A Bi-phasic current stimulator
Description
The DS4 Bi-phasic current stimulator has been developed to meet the needs of life scientists who require a stimulus isolator that can output a bi-phasic isolated constant current stimulus in response to an external command voltage signal, provided by a computer DAC via software. Such a requirement is already met by our NeuroLog System in the form of the NL512 Biphasic Buffer and NL800A Stimulus Isolators, but the DS4 Bi Phasic Stimulator provides our first standalone device to meet this need. The DS4 is intended for use in animal or in vitro electrophysiological applications where low noise is an absolute requirement. The DS4 is not intended for safe human use.
Features
- Intended for animal or in vitro use
- External voltage control permits software defined waveforms
- Isolated constant current output for low noise
- Minimal zero crossing distortion
- Inactivity sensor significantly reduces leak currents
- Battery test sockets
Advantages
Low Noise Isolated Output Stage
The DS4 features a DC supply to power the control circuitry while the stimulation voltage arises from two banks of batteries in the low noise, optically isolated output stage. The DS4 is not a traditional triggered stimulator, but is instead driven by a biphasic voltage waveform that it converts into a proportional constant current stimulus. This means that the DS4 can produce monophasic or biphasic stimuli which can vary in shape from rectangular pulses to sine waves or even totally arbitrary waveforms. The DS4 features two input sockets – the main INPUT socket is where the voltage command signal is applied and the optional GATE input may be used to turn stimulation on and off using TTL logic, rather like a “soft on/off switch”.
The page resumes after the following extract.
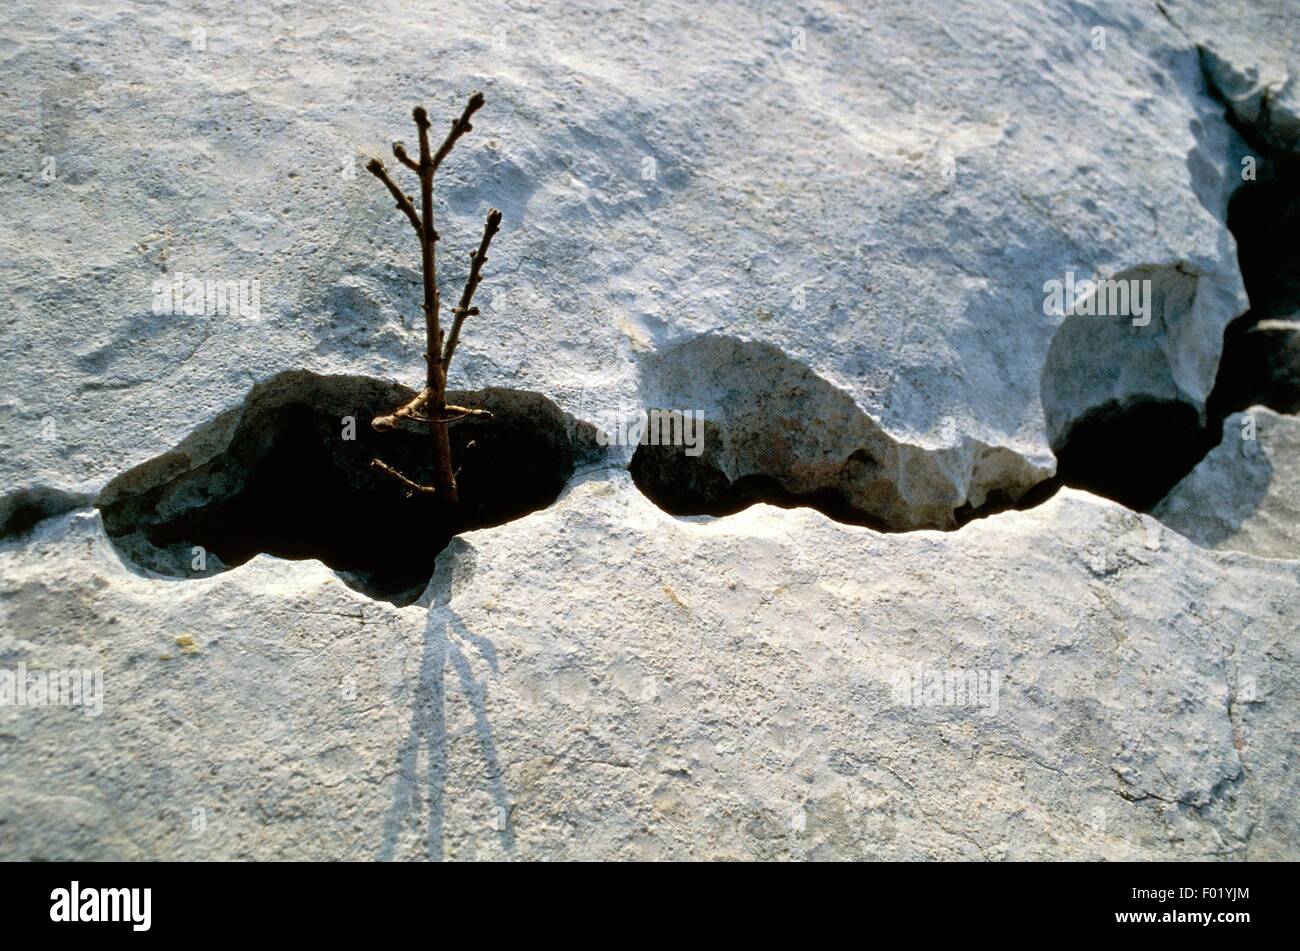 Platten aus kalkhaltigen Felsen nach dem Vorbild von alten Gletschern und Verkarstung, Monte Baldo, Venetien, Italien. Stockfoto

Stimulate with arbitrary shaped waveforms
As the DS4 operates like a voltage to current amplifier, the stimulator has specfic frequency response characteristics, which determine how well it can follow rapidly changing or high frequency command signals. The frequency response plot for the DS4 is shown below, illustrating the performance when a ±5V input is applied with the DS4 set to a maximum input range of ±10V, an output range of ±10mA and a load of 1kohm. The graph shows that the -3dB roll-off is at 50kHz, while the expected DS4 output is constant for frequencies up to 5kHz.
Unique “Inactivity Sensor” Prevents Unwanted DC Stimulation
One of the problems with stimulators that make use of an external voltage source to define a stimulus waveform is that small offsets or noisy baseline signals from the DAC’s used to drive them can result in unwanted battery drain or perhaps worse, low amplitude stimulation. The DS4 uses a special “inactivity sensor” to monitor the input voltage and disable the DS4 output if this voltage falls below 0.15% of the full scale value (in -ve or +ve directions) for a user selectable timeout of 200ms, 500ms, 1s or 2s. Unlike other devices which only ever produce an output when the input voltage exceeds a threshold value, this “inactivity sensor” reduces battery usage and damaging “leak currents” during infrequent stimulation, while at the same time maintaining low levels of zero crossing distortion for repetitive waveforms.
The inactivity sensor timeout can be adjusted between the four possible settings using on board jumpers which are accessible from the battery compartment. It is important to note that the inactivity sensor will result in a slight “glitch” in the stimulus waveform when the DS4 is first used after a period of inactivation. This is because the inactivity sensor prevents any output until the command input voltage exceeds ±0.15% of the full scale.
The DS4 Stimulator uses an external DC power supply to power the input control circuitry and readily available/inexpensive batteries to provide the opto-isolated stimulus voltage source. The DS4 can be fitted into a 19″ rack mounting frame (D121-11) which can hold up to two DS2A’s, DS3’s DS4’s or DG2A’s.